Jerry McColgan has been posting his findings with the installation of the REVOLUTION in his GP-9 with Sierra sound. Just in review, I've installed the both Sierra steam and diesel modules with the REVOLUTION quite successfully as well. Steam modules are a straight install, the diesel modules need the Sierra adapter board.


My next finding is using the REVOLUTION with the Phoenix Big sound 97 modules. I came upon 2 of the Phoenix Big sound 97 modules and decided to give them a go to see how they worked with the PWC of the REVOLUTION receiver. 


Simply, they work just fine using ramp up with voltage control or using the reed switch and magnet method on the axle or wheel as used for steam chuff. 


It's standard hookup per the Phoenix Big Sound 97 instruction manual. 

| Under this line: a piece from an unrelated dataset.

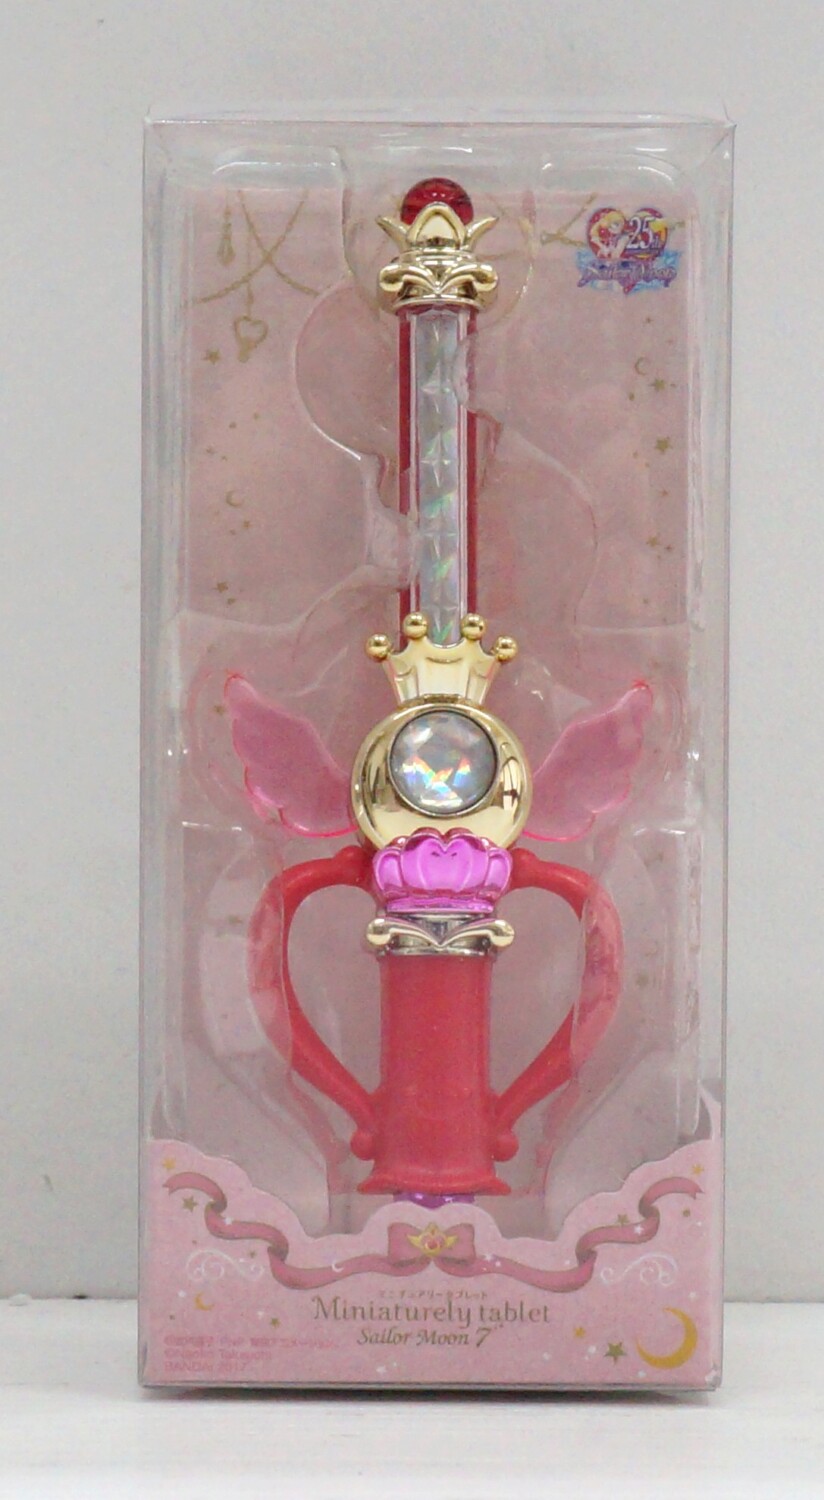 Sailor Moon vol. 7 Miniaturely Tablet. Scettro Lunare di Sailor Moon 10 cm.  Bandai – Emporio di milo

However, as with the other Phoenix systems, do not hook the black common wire from the REVOLUTION receiver auxiliary harness to the sound module. The horn and bell functions work with the buttons on the REVOLUTION receiver when connecting the corresponding wires to the 97's trigger pins.


----------



## TonyWalsham (Jan 2, 2008)

Stan. 

When powering Sierra Steam modules with the traction batteries and the chuff mechanically timed, they will benefit from the addition of the the Opto interface by enabling the steam module "at idle" effects to be heard. 
"At idle" effects include the Fireman Fred sound etc. 
As the voltage ramps up the generator will also switch ON, and OFF when the voltage drops back to idle.


----------



## Stan Cedarleaf (Jan 2, 2008)

Thank you, Tony. I'll check into that on the Sierra steam installations.

It's generally been my practice to turn the trains on and let them run continuously on the layout until the traction battery discharges and then replace it and go again. So I don't have Fireman Fred activated as it's one effect I rarely use. The trains don't really have a chance to stand idle for those effects to take place. I guess I'm missing some enjoyment that way.









Thanks again for the tip.


----------